Methods: Apoptosis was induced by treatment of Jurkat T cells for 3 hours with 0.5 μg/ml staurosporine. Necrotic cells (NC) were prepared by heating cells for 20 minutes to 65°C. PPARγ activation was followed by stably transducing RAW264.7 macrophages with a vector encoding the red fluorescent protein mRuby after PPARγ binding to 4 × PPRE sites downstream of the reporter gene sequence. This readout was established by treatment with the PPARγ agonist rosiglitazone (1 μM) and AC (5:1). Twenty-four hours after stimulation, mRuby expression was analysed by fluorescence microscopy. Lipid rafts of AC, NC, as well as living cells (LC) were enriched by sucrose gradient centrifugation. Fractions were analysed for lipid raft-associated marker proteins. Lipid rafts were incubated with transduced RAW264.7 macrophages as described above. 5-Lipoxygenase (5-LO) involvement was verified by pharmacological inhibition (MK-866, 1 μM) and overexpression.

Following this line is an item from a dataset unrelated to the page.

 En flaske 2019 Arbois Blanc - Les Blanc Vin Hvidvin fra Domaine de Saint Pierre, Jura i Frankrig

Results: Assuming that the molecule responsible for PPARγ activation in macrophages is localized in the cell membrane of AC, most probably associated to lipid rafts, we isolated lipid rafts from AC, NC and LC. Mass spectrometric analysis of lipid rafts of AC showed the expression of 5-LO, whereas lipid rafts of LC did not. Moreover, incubating macrophages with lipid rafts of AC induced mRuby expression. In contrast, lipid rafts of NC and LC did not. To verify the involvement of 5-LO in activating PPARγ in macrophages, Jurkat T cells were incubated for 30 minutes with the 5-LO inhibitor MK-866 (1 μM) before apoptosis induction. In line with our hypothesis, these AC did not induce mRuby expression. Finally, although living Jurkat T cells overexpressing 5-LO did not activate PPARγ in macrophages, mRuby expression was significantly increased when AC were generated from 5-LO overexpressing compared with wild-type Jurkat cells.

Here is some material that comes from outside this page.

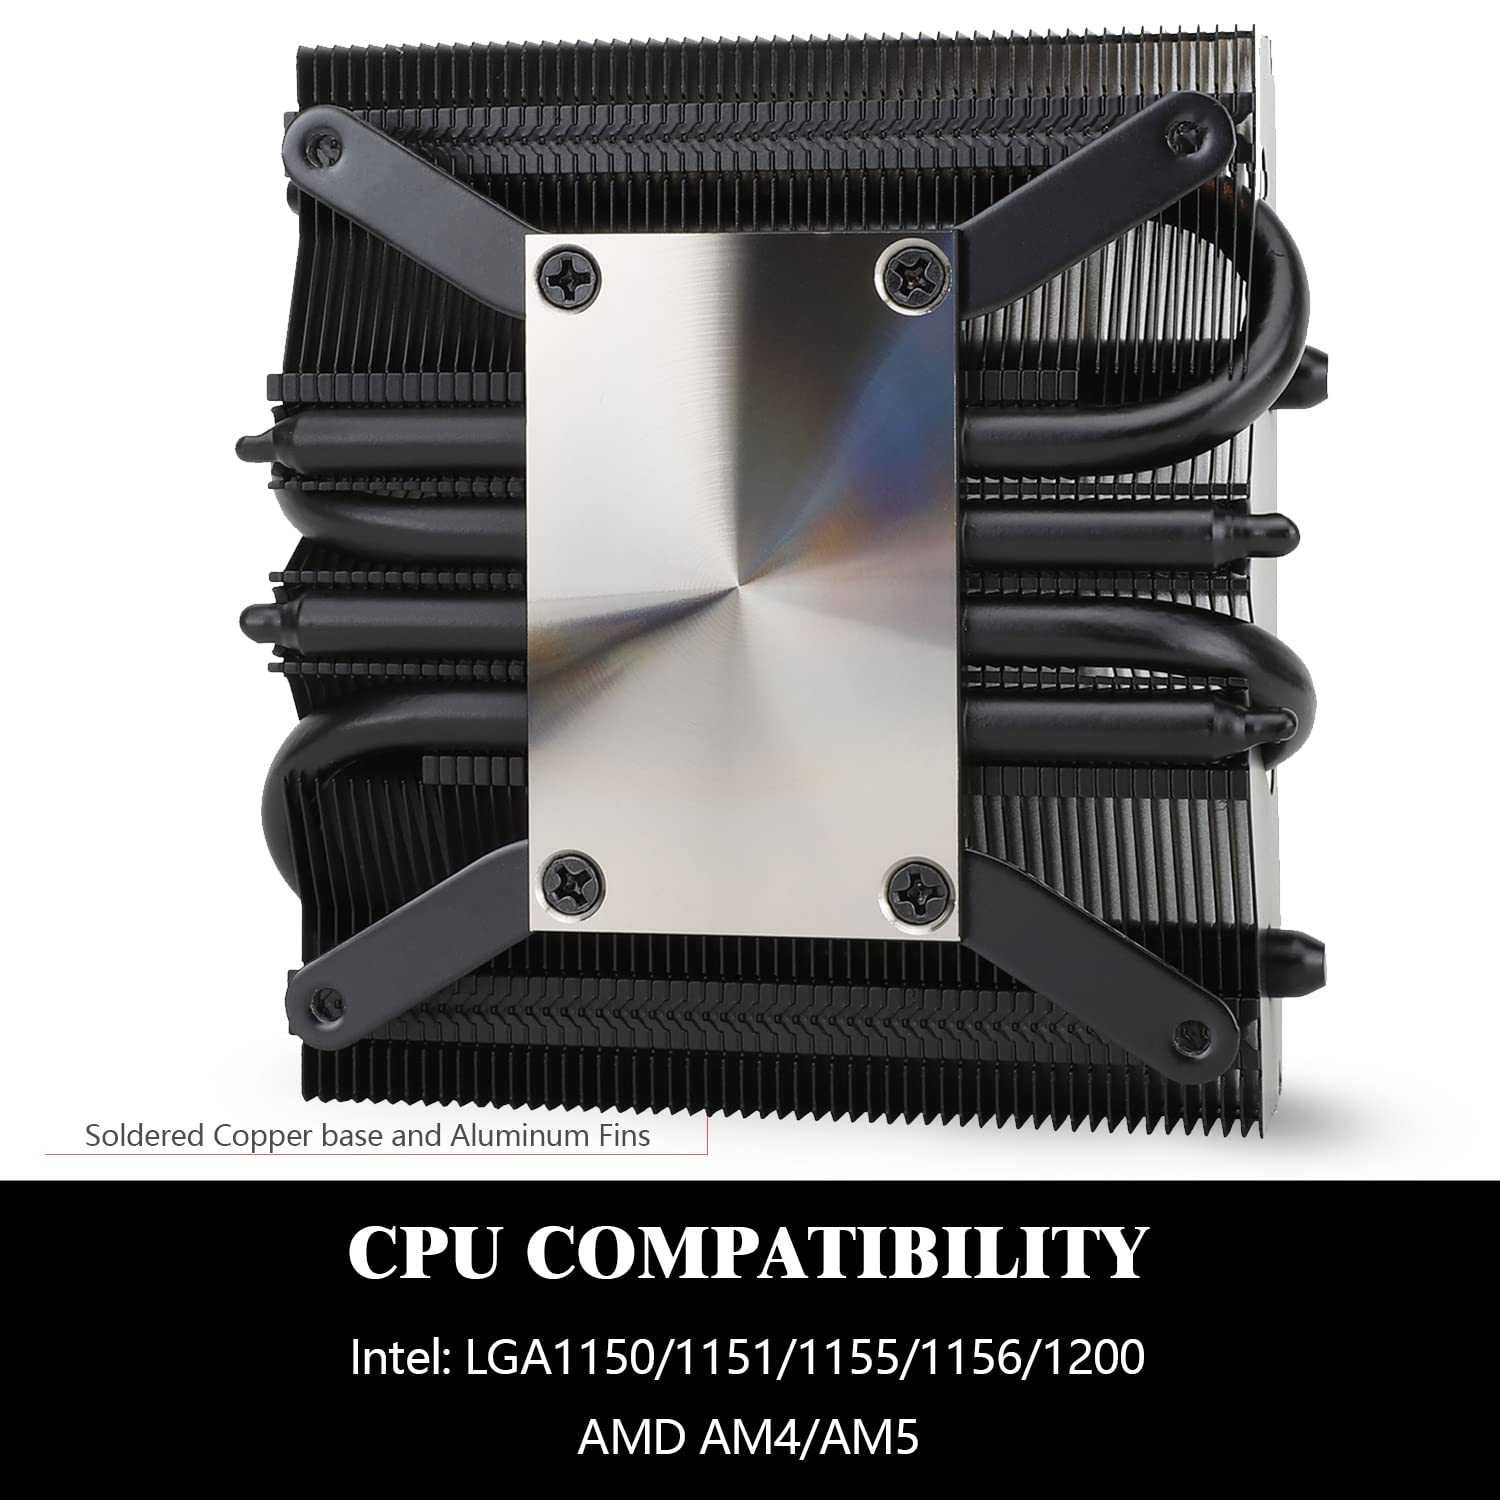 Cooler Ventilator Aer CPU Thermalright AXP90-X53,PWM,AGHP,AMD Intel

Conclusion: Our results suggest that induction of apoptosis activates 5-LO, localizing to lipid rafts, necessary for PPARγ activation in macrophages. Therefore, it will be challenging to determine whether 5-LO activity in AC, generated from other cell types, correlates with PPARγ activation, contributing to an immune-suppressed phenotype in macrophages.